Dayanamayıp gülmeye başladım. Araz la Ferda da bana katıldı. Araz , Ferda ve ben öndeUraz arkada yürümeye devam ettik. Yol boyu saçma sapan konuşmalar ile eğlencemiz devam etti. Uraz ise arkada tek başına yürüdü.

Binanın önüne geldiğimizde dış kapıyı açıp içeriye girdik. Hala bir şeyler söyleyip gülmeye devam ediyorduk. Kafamı çardağa çevirdiğimde önce gülüşüm sonra adımlarım durdu. Diğerlerinin de benle birlikte gülüşleri ve adımları durdu.
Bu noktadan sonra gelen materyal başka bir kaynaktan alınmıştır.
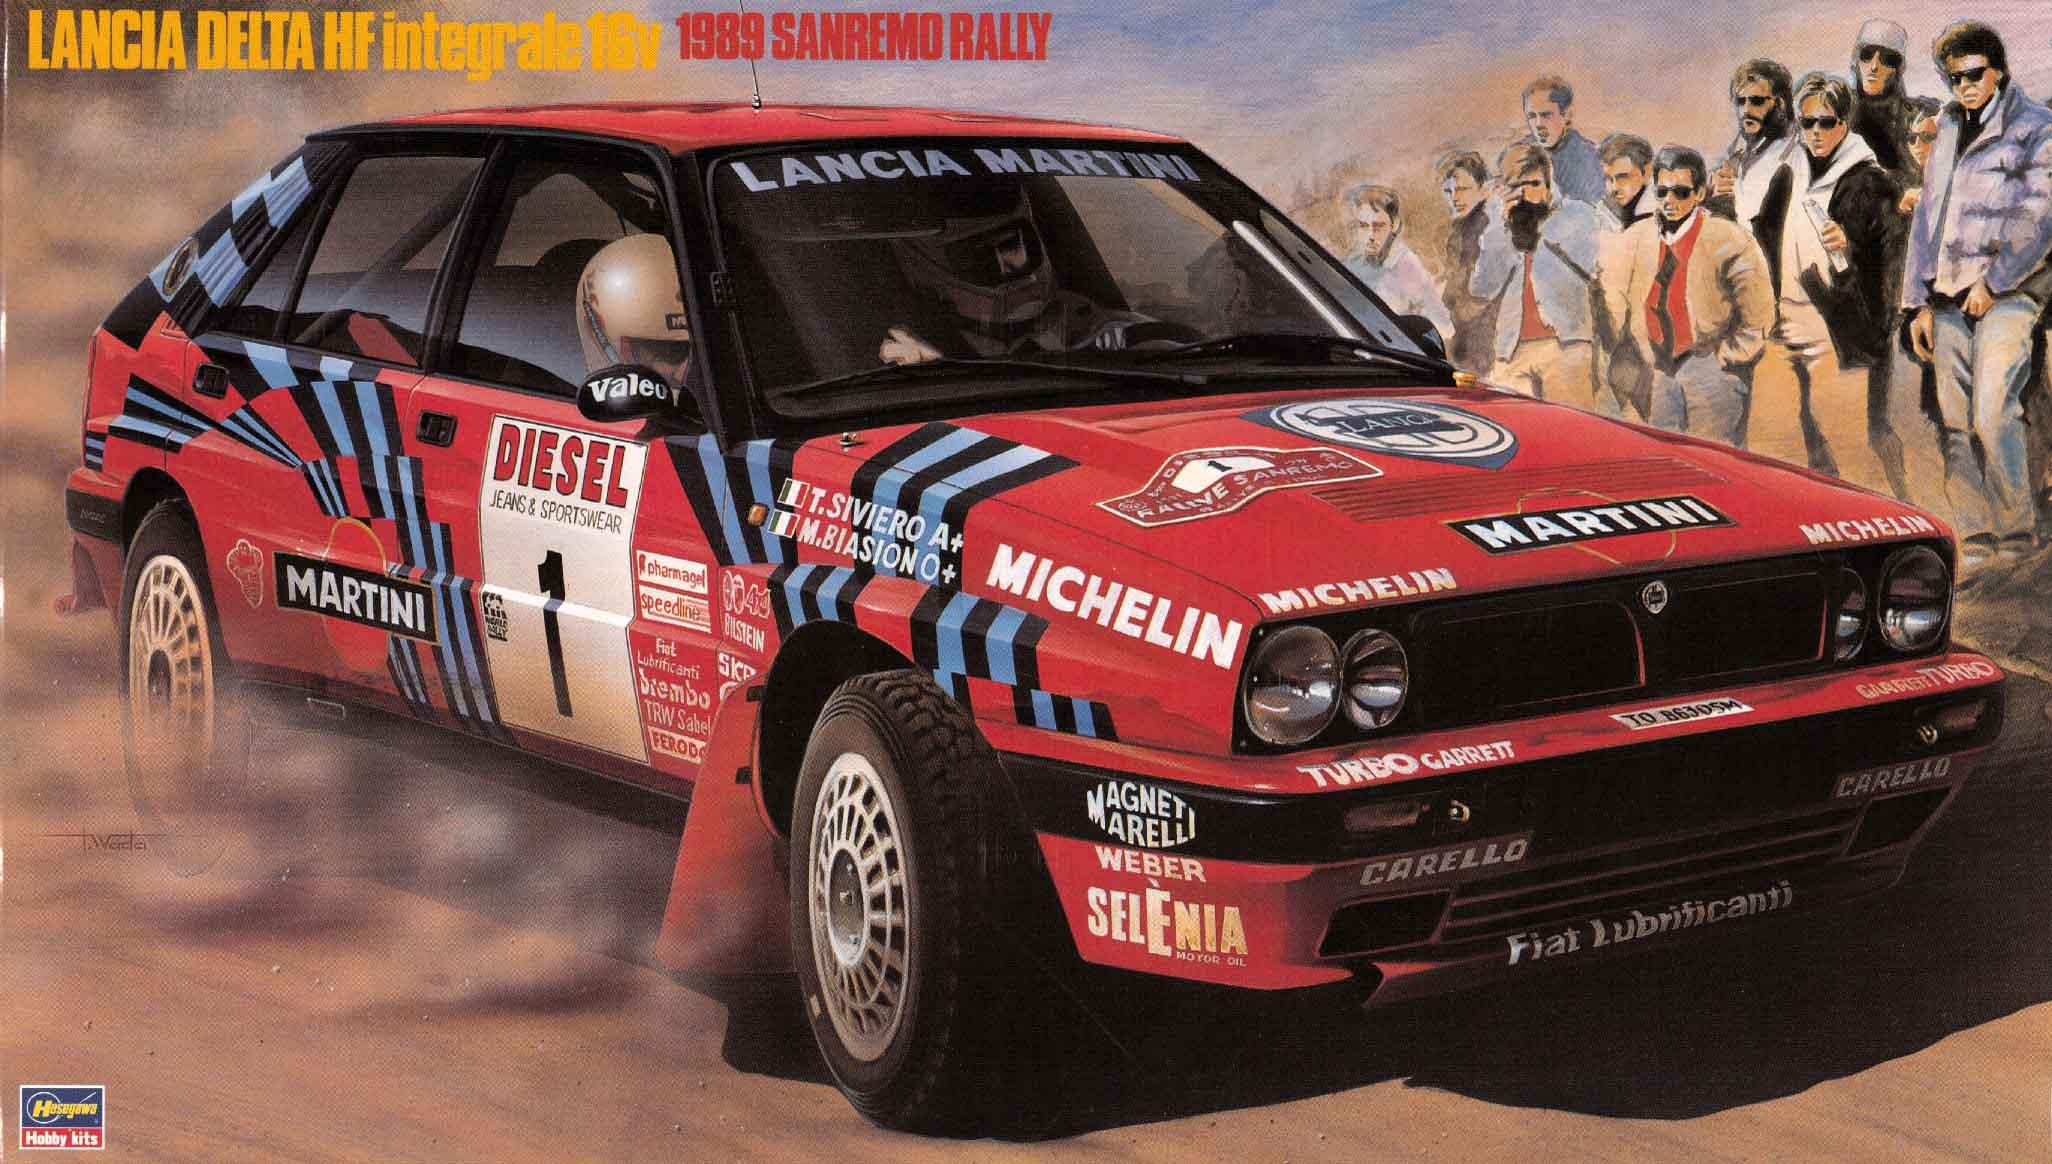 Hasegawa 1/24 Lancia Delta Hf Integrale 16V (1989 Sanremo Rally)

Bahçedeki açık çardakta Murat amca oturmuş ve belli ki bizi bekliyordu. Bakışlarındansa birazdan ne olacağı tahmin edilebiliyordu.

Hepimizin babası çocukluk arkadaşıydı hatta arkadaştan da öte kardeş gibi. Üçü de aynı yerde doğmuş büyüne kadarsa hiç ayrılmamışlardı. Evlenip çocuk sahibi olunca çocuklarını da birlikte büyütmek için aynı yere çıkmaya karar vermişler bunun üzerine kendi istedikleri gibi bina tasarlayıp inşa ettirmişler. Binanın çevresinde ki bahçe ile açık ve kapalı çardak da onların fikriydi.

Arkamı dönüp Uraz'ı kontrol ettim. Dış kapının hemen önünde duruyordu. Gözlerindeki korkuyu görmek için onu tanımaya gerek yoktu.

Murat Amca oturduğu yerden kalkıp çardaktan çıktı. Uraz'ın adımları geriye doğru gitti. Murat Amcanın gözünden kaçmadı.

"Buraya gel Uraz!"

Uraz babasının sesiyle irkildi. Gözlerindeki korku gittikçe büyüdü.
Araz dayanamayıp öne atıldı. "Bab-" daha sözünü tamamlayamadan Murat Amcanın sert bakışları geriye sinmesine sebep oldu.

Murat Amca sinirle Uraza döndü. " Sana buraya gel dedim" dedi bağırarak.

Bağırma bağırma! Bir günde iki kez katlanamam bu işkenceye. Yapma! Uraz daha fazlasına dayanamaz yapma. Senin hakaretlerine dayaklarına dayanamaz artık. Hele bizim gözümüzün önünde hiç dayanamaz.

Ne yapacağımı bilemez halde etrafıma baktım. Ferdanın babası İhsan amca ile babam işteydi ayni şekilde annemlerde. Yani Uraz a yardım edecek kimse yoktu.